Regardless of the eventual consequences, the omicron variant seems sure to make Powell’s job more complicated next year. If omicron leads to another wave of factory and port shutdowns in the United States and overseas, supply chain bottlenecks could worsen and raise prices even more.
At the same time, omicron could renew fears among many workers about becoming infected on the job, leading to more resignations when quits are already at a record high or discouraging some of those out of work from taking a new job. That could weaken the job market and the economy. Under such a scenario, the Fed’s dual mandates of stable prices and maximum employment could come into conflict.
In a significant shift, Powell appeared to make inflation-fighting a more urgent priority than job growth by noting that higher prices themselves threaten the economic recovery. And a long period of growth, he said, is needed to regain the “great labor market” that existed before the pandemic.
“We’re going to need a long expansion," the Fed chair said. “To get that, we’re going to need price stability, and in a sense, the risk of persistent high inflation is also a major risk to getting back to such a labor market.”
Rising inflation has put the Fed in a delicate spot, because the economy remains about 4 million jobs short of pre-pandemic levels, and many Democrats in Congress will want to see rates stay near zero until most of those jobs have been recovered.

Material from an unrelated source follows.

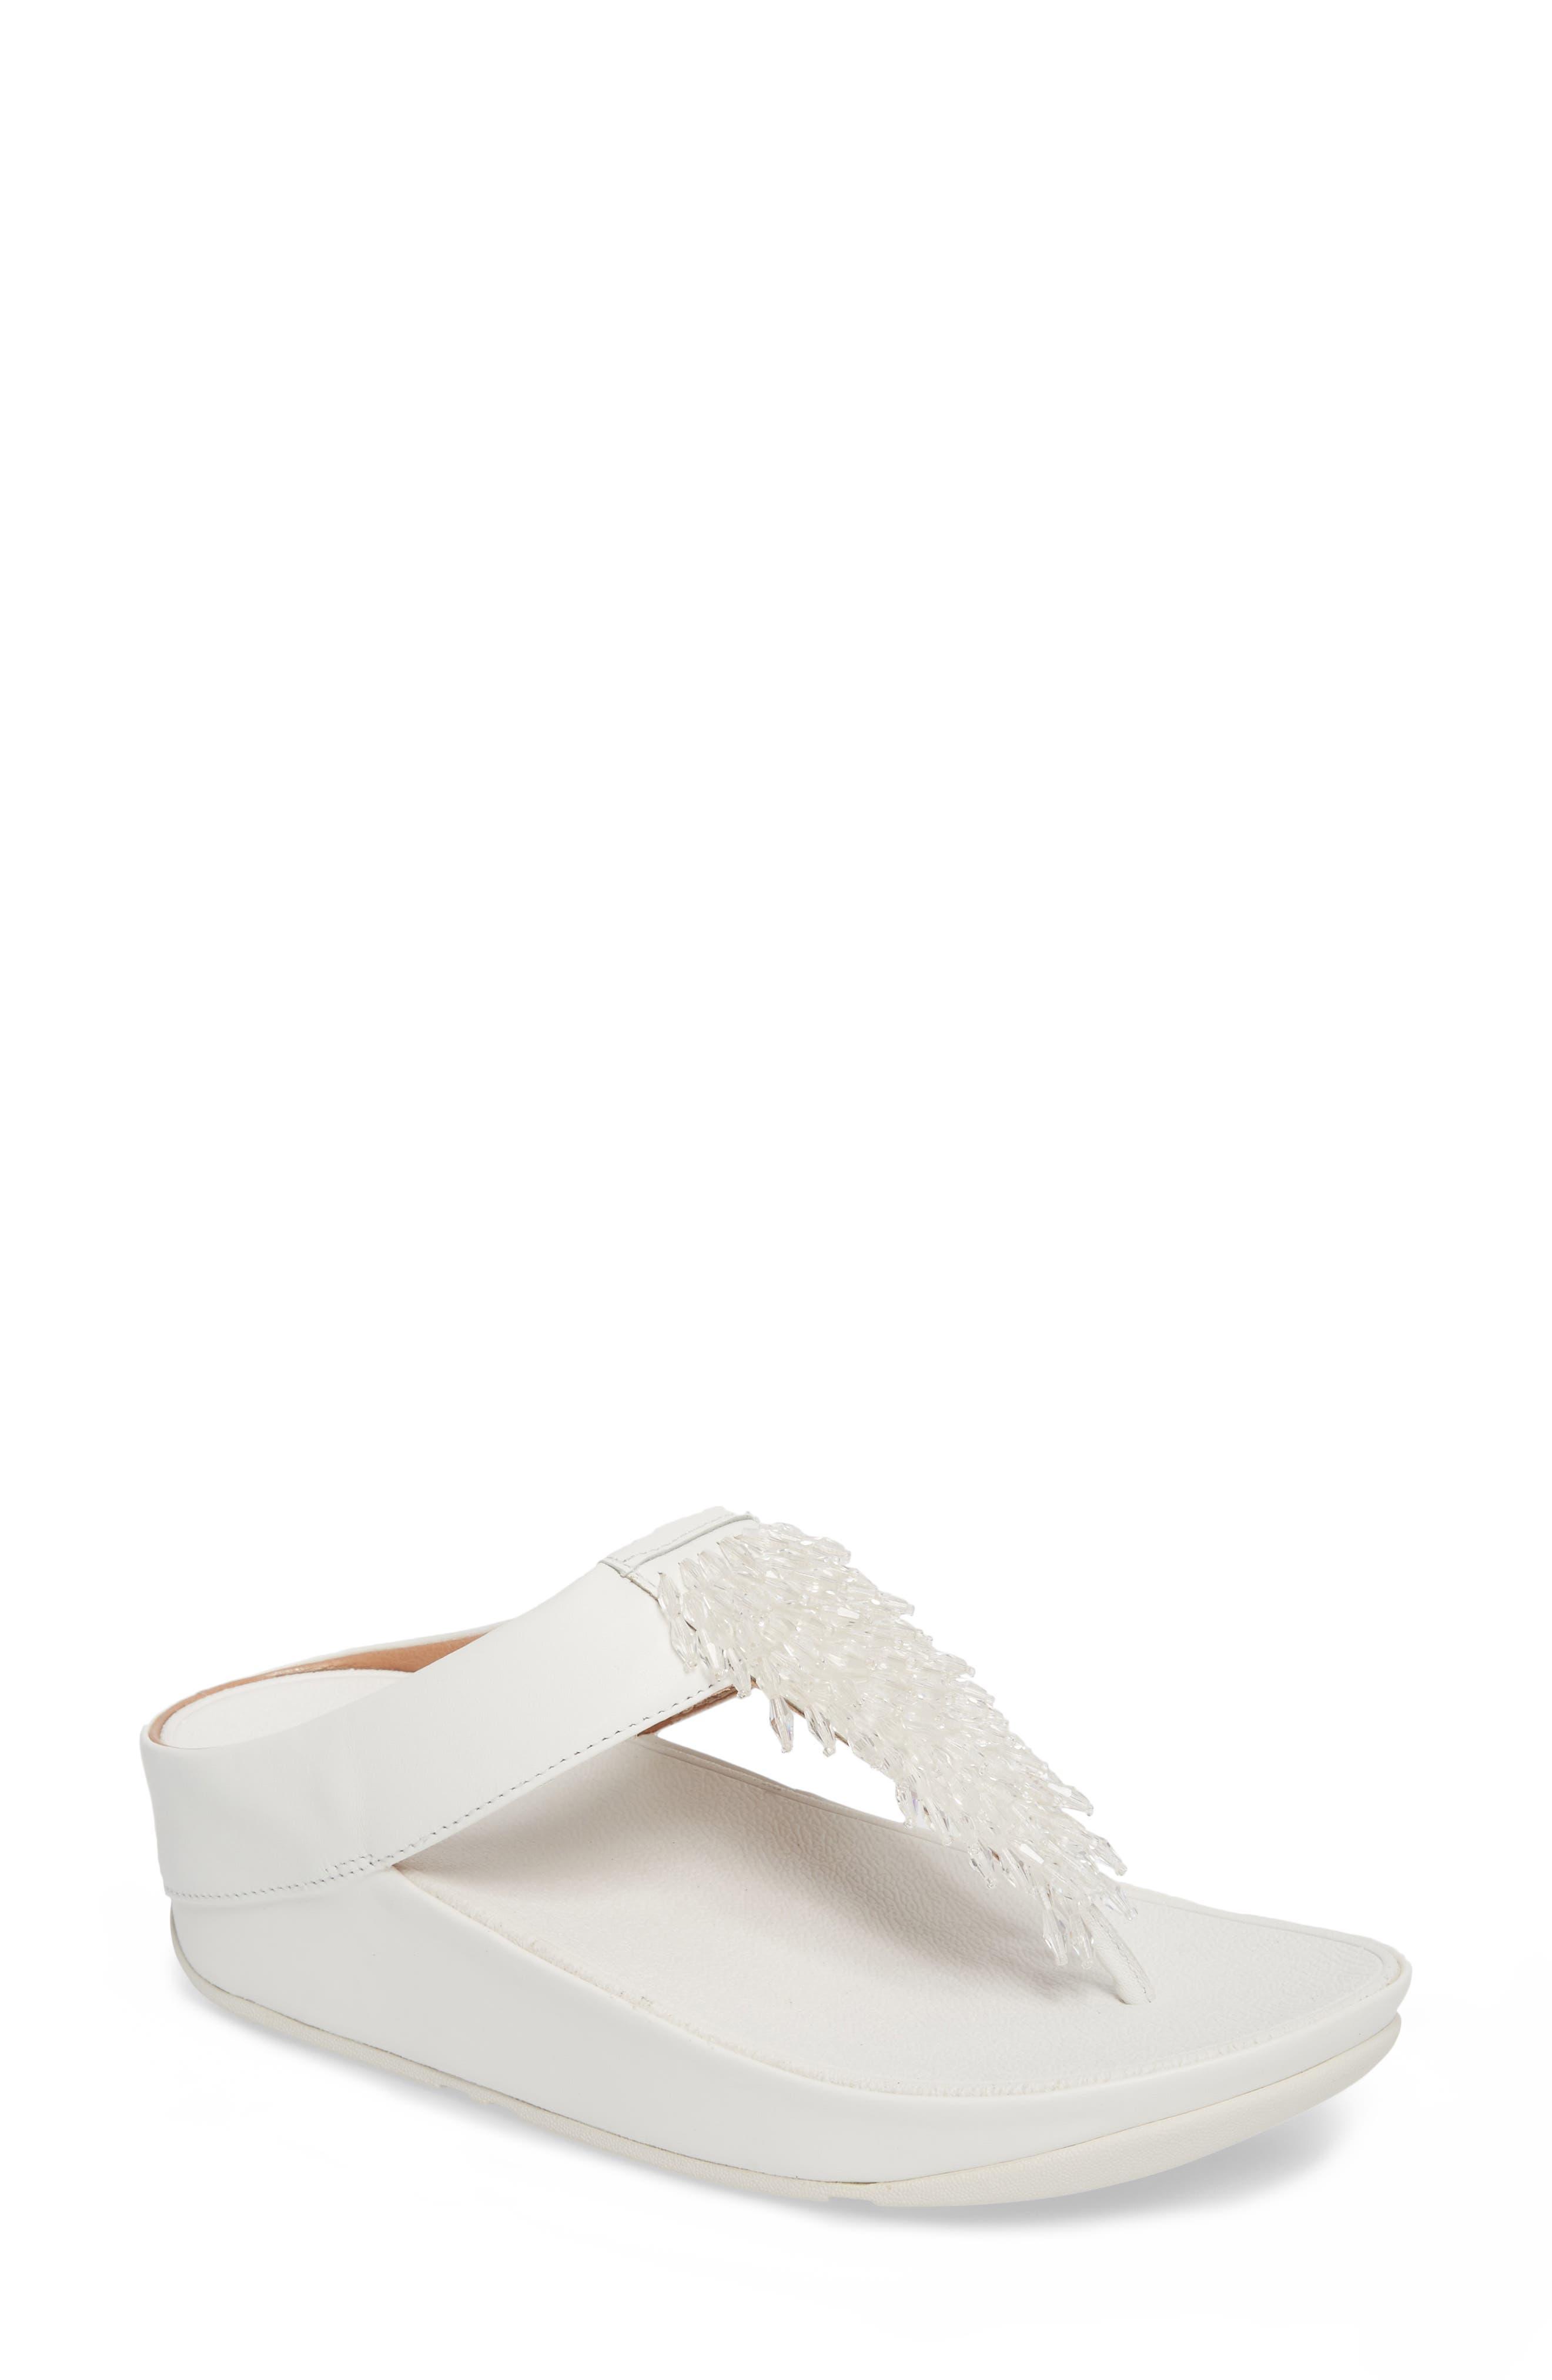 Rumba Sandal,                             Main thumbnail 1, color,                             Urban White Leather
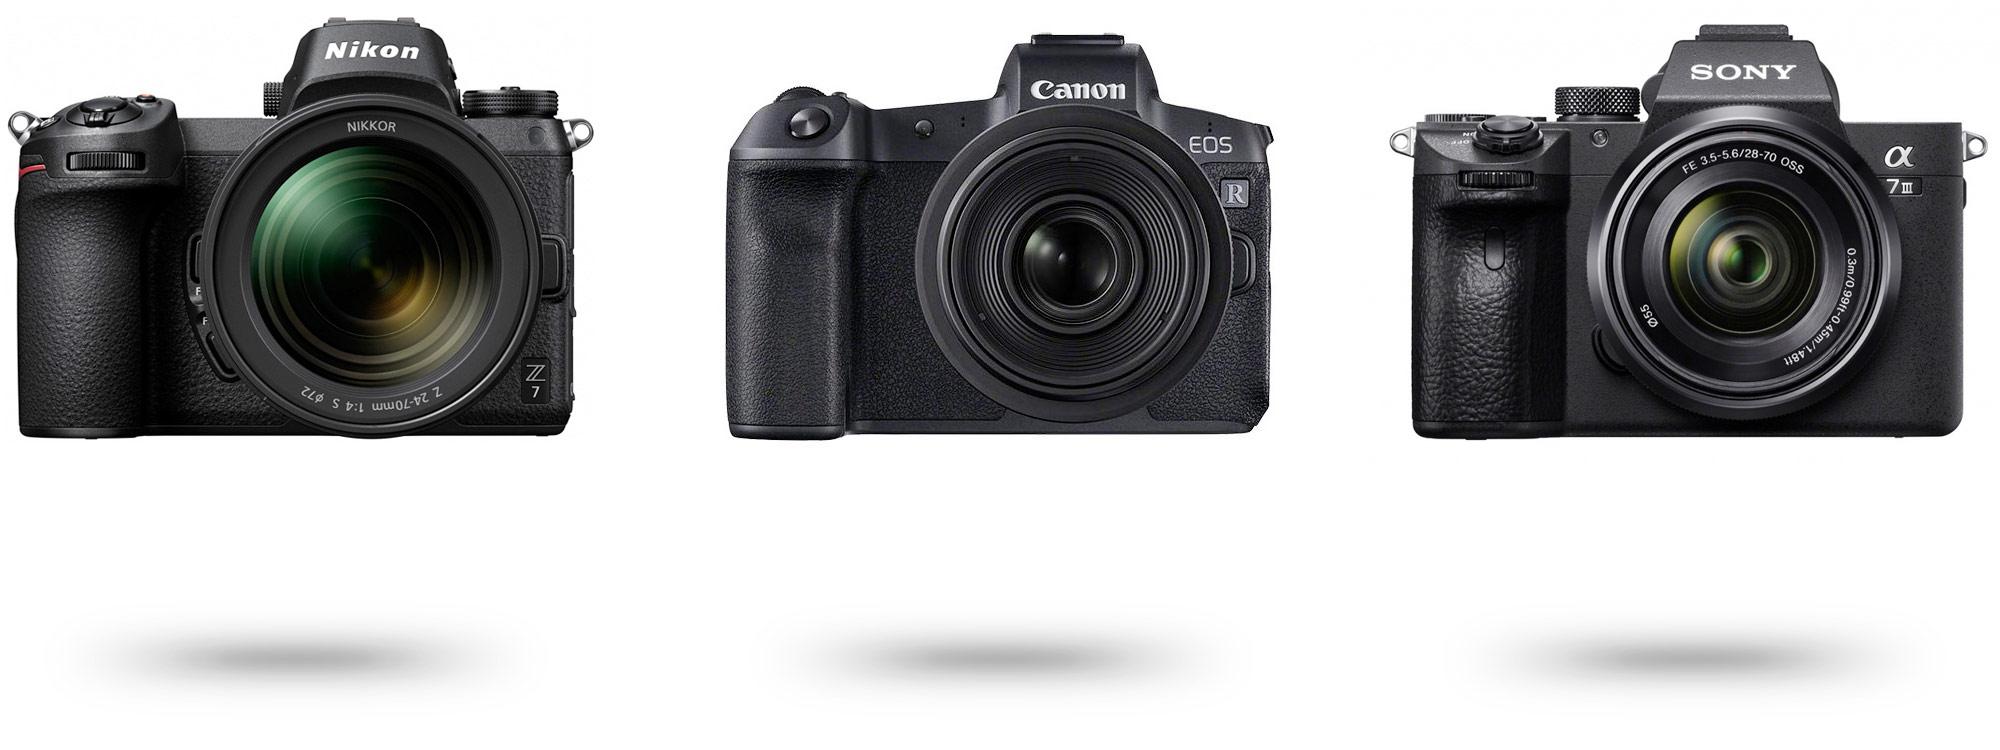 Nikon Z7, Canon EOS R, Sony Alpha 7III R

“The Fed cannot pump the brakes on our economic recovery too soon, before workers get a chance to fully rebound,” said Sen. Sherrod Brown, the Ohio Democrat who chairs the Banking Committee. “And I mean all workers,” he added, noting that the Black unemployment rate remains twice that of white Americans.
By contrast, Sen. Pat Toomey from Pennsylvania, the senior Republican on the committee, suggested that the economy largely recovered roughly a year ago. As a result, emergency measures, such as the Fed's bond purchases, haven't been needed since then, he said.
Treasury Secretary Janet Yellen, who also testified before the Senate Banking panel Tuesday, urged Congress to raise the nation's borrowing limit. Yellen has previously warned that without an increase in the debt ceiling, the government could default on its debt obligations for the first time soon after Dec. 15.
“I cannot overstate how critical it is that Congress address this issue,” she said. “America must pay its bills on time and in full. If we do not, we will eviscerate our current recovery.”
Congress, which is expected to address the borrowing limit, also faces a Friday deadline to provide enough funding to keep the federal government open.
Yellen also said that for now, the economic recovery “remains strong,” but she urged that Americans get vaccinated or receive booster shots to guard against the omicron variant.